> **PROMPT**: Starting at the line that holds "LEGO Superbike", restate every line word for word up to and including the last one in the listing below, and omit all pictures.

> **GIVEN INFORMATION**:
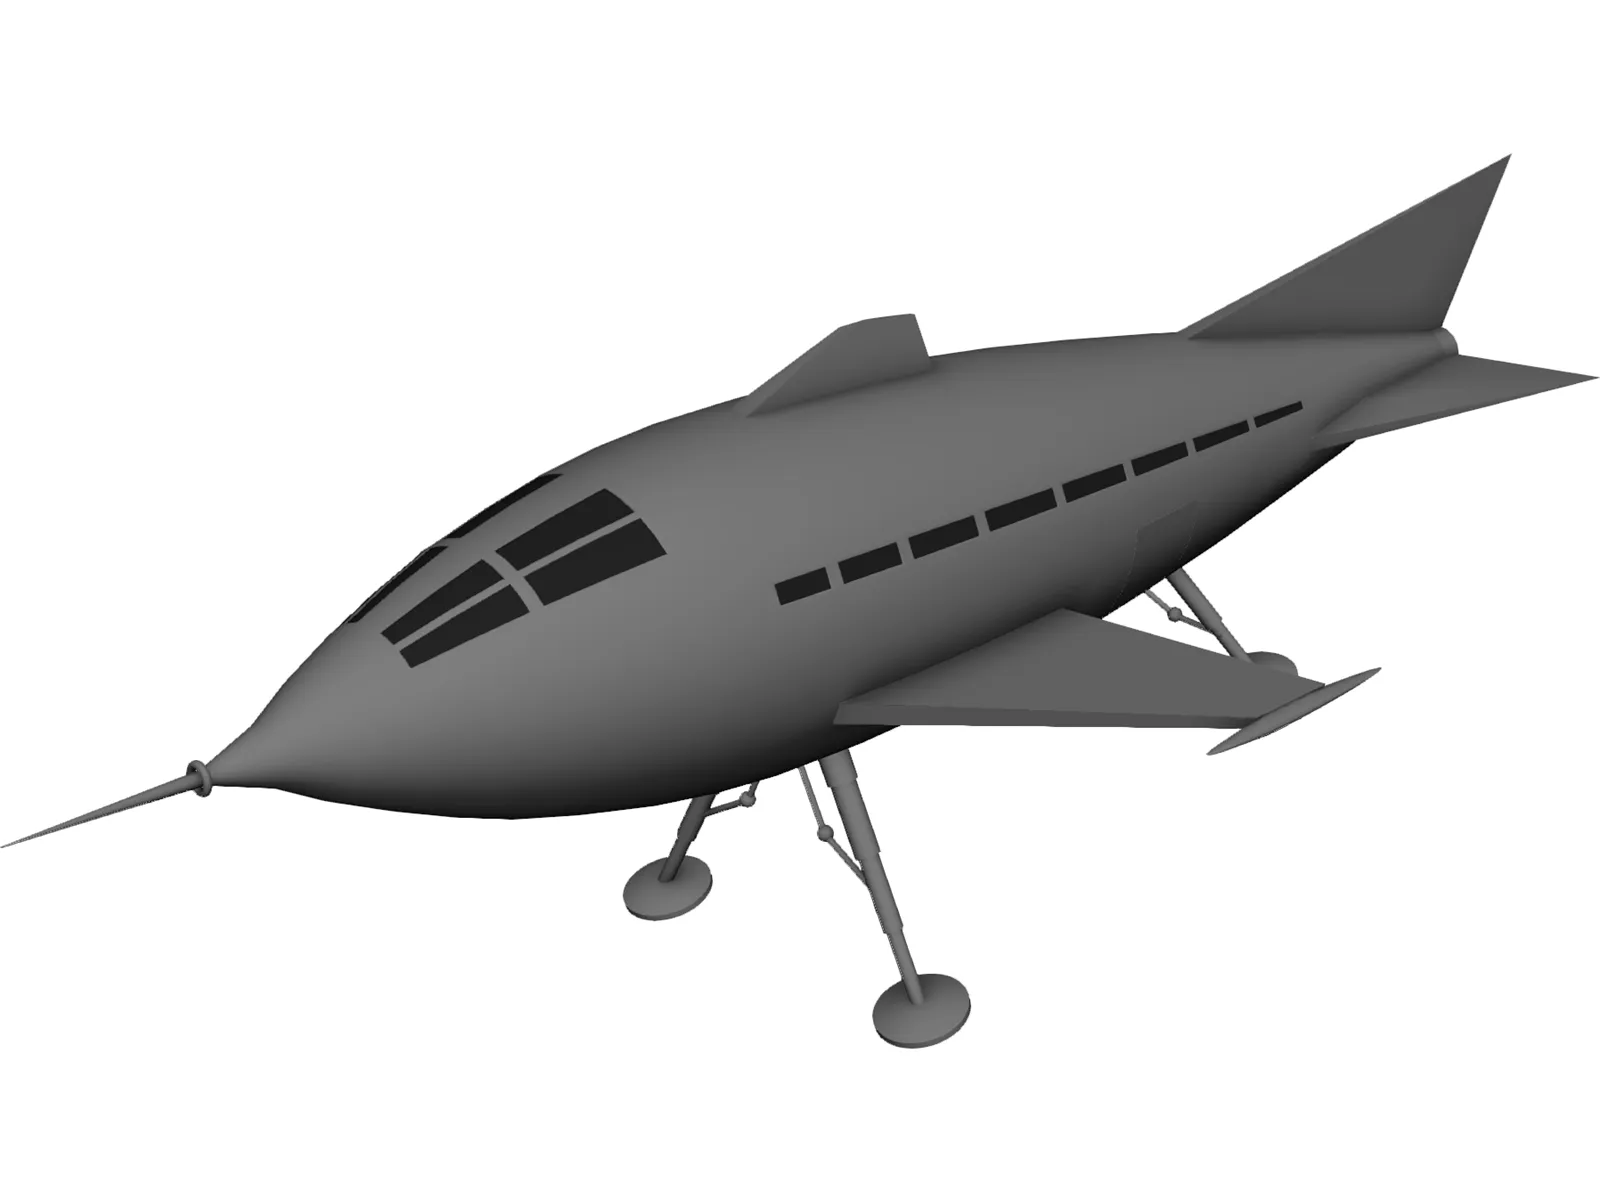 Pulp Starship 3D Model
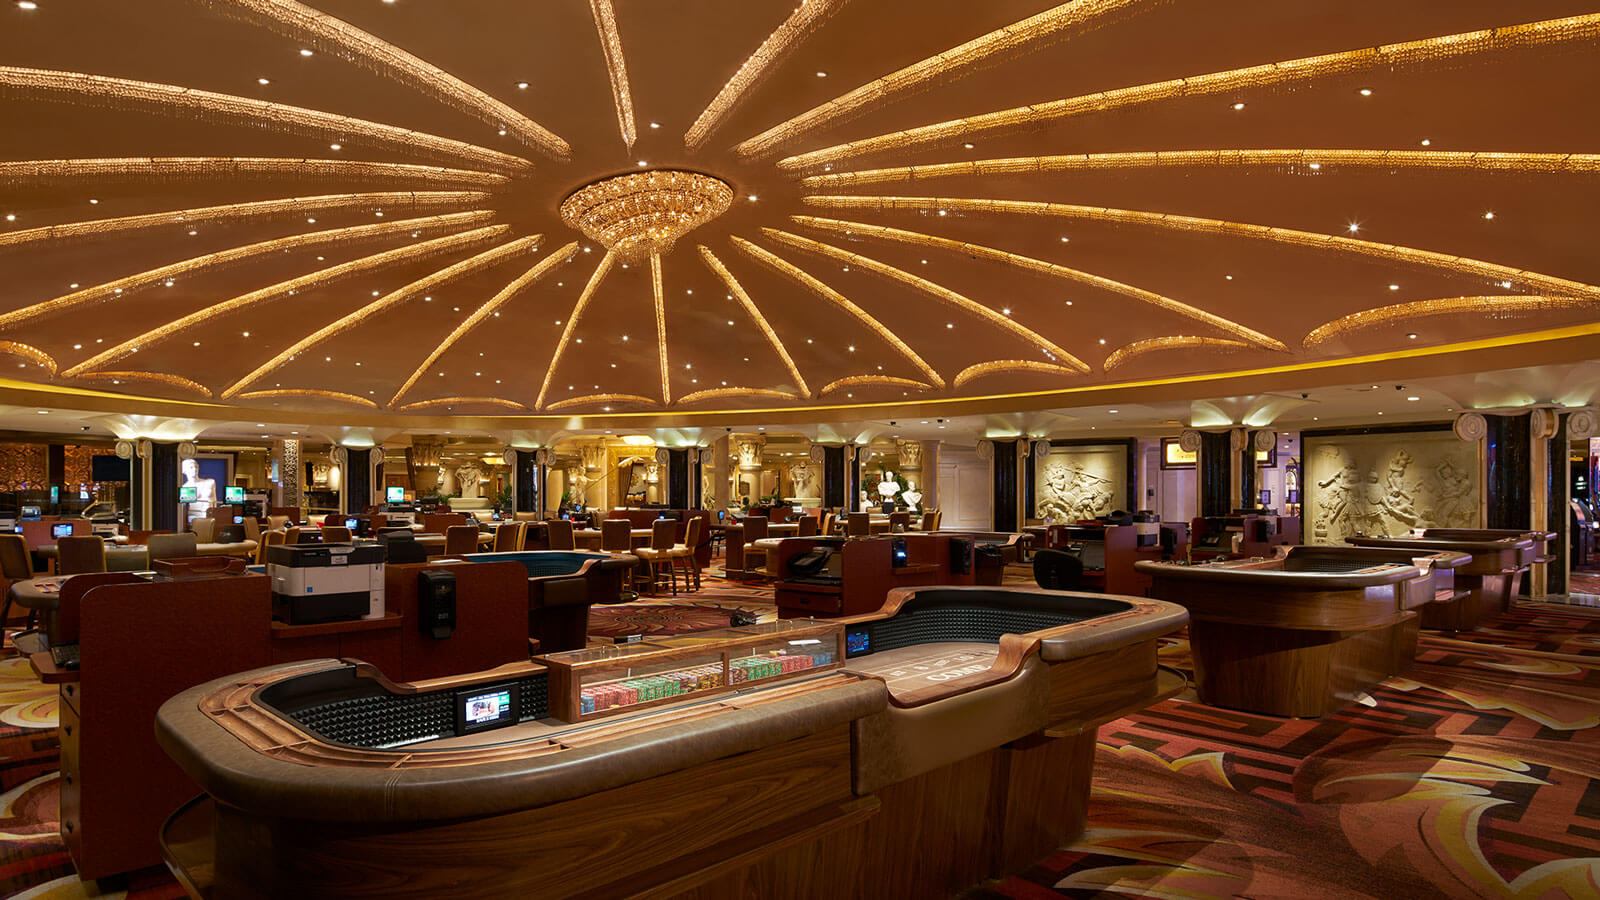 LasVegas-casino-interior  Vegas casino, Casino, Las vegas
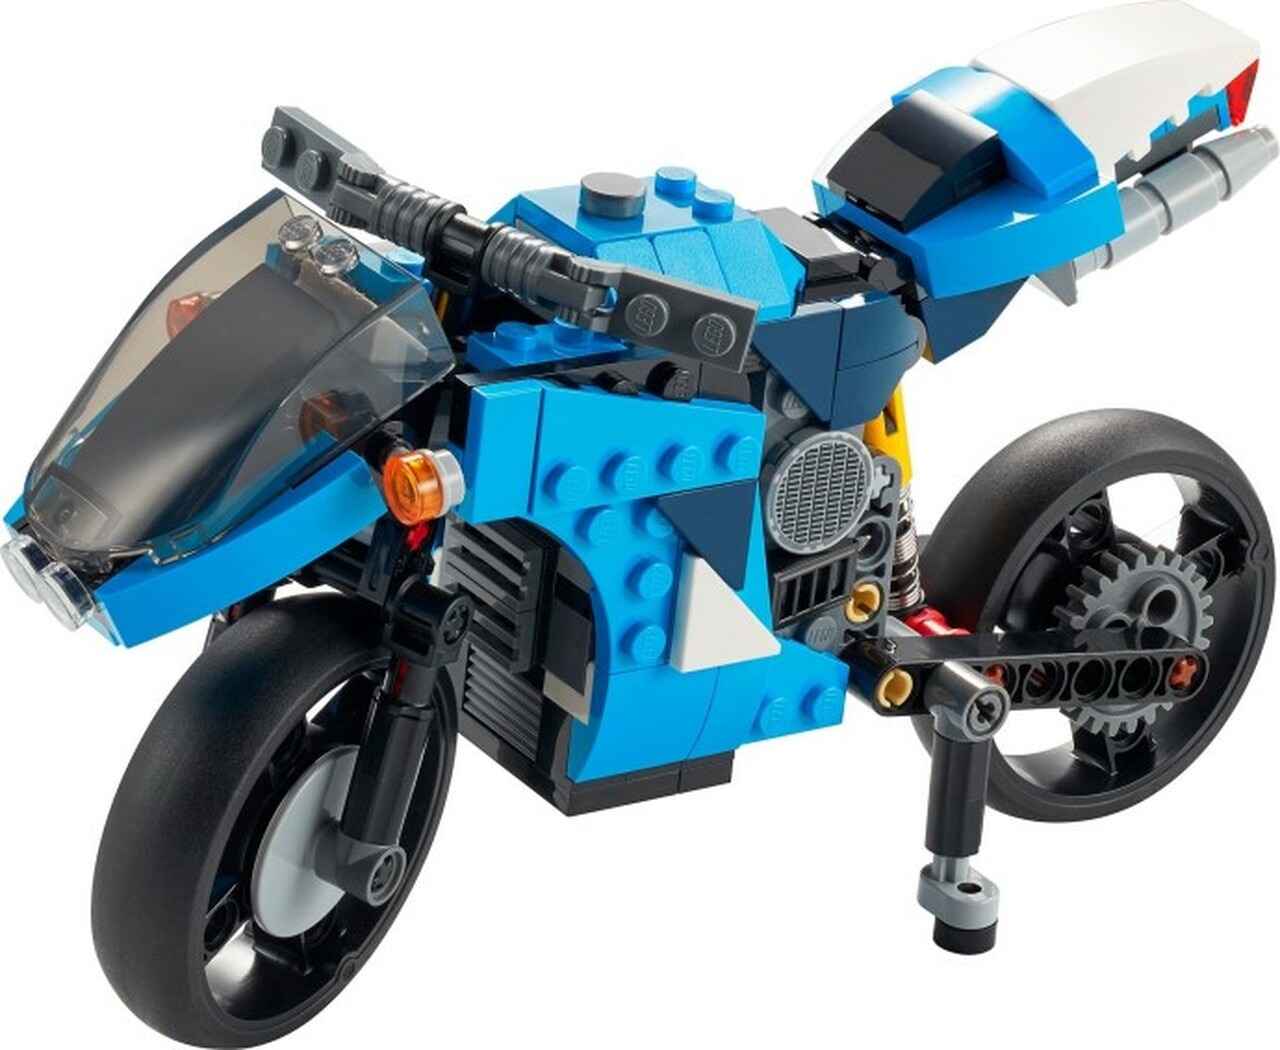 LEGO Superbike
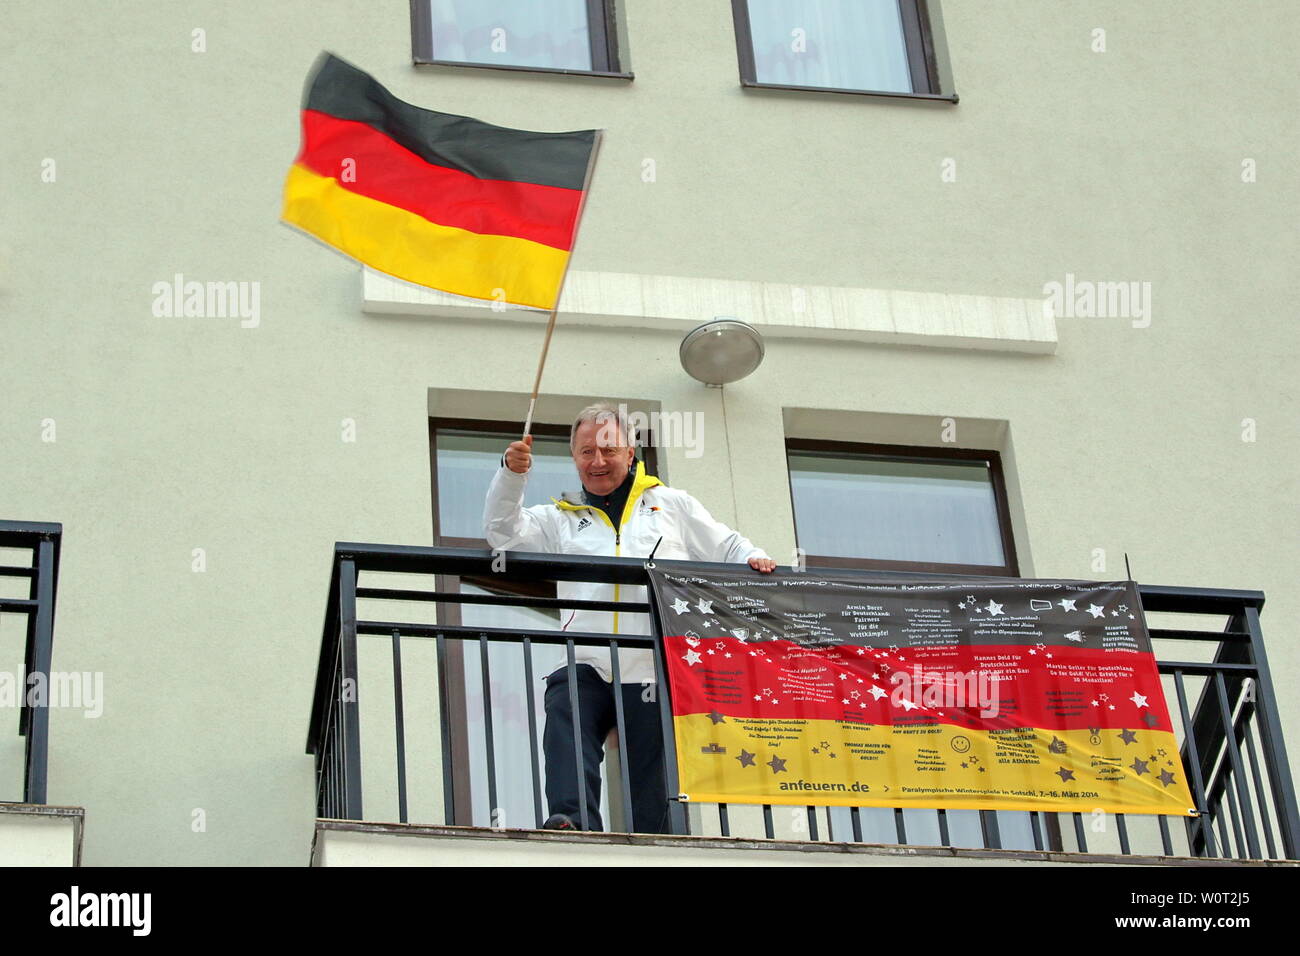 DBS-Präsident Friedhelm Julius BEUCHER hat gut jubeln in diesen Tagen und grüßt mit der deutschen Flagge vom Balkon seines Hotelzimmers in Rosa Khutor - Siegerehrung Rosa Khutor Ski Alpin 6. Tag Paralympics Sotschi  Paralympics Sotschi 2014 / Paralympic Winter Games Sochi 2014 Stock Photo

> **SOLUTION TO THIS PROBLEM**:
 LEGO Superbike
 DBS-Präsident Friedhelm Julius BEUCHER hat gut jubeln in diesen Tagen und grüßt mit der deutschen Flagge vom Balkon seines Hotelzimmers in Rosa Khutor - Siegerehrung Rosa Khutor Ski Alpin 6. Tag Paralympics Sotschi  Paralympics Sotschi 2014 / Paralympic Winter Games Sochi 2014 Stock Photo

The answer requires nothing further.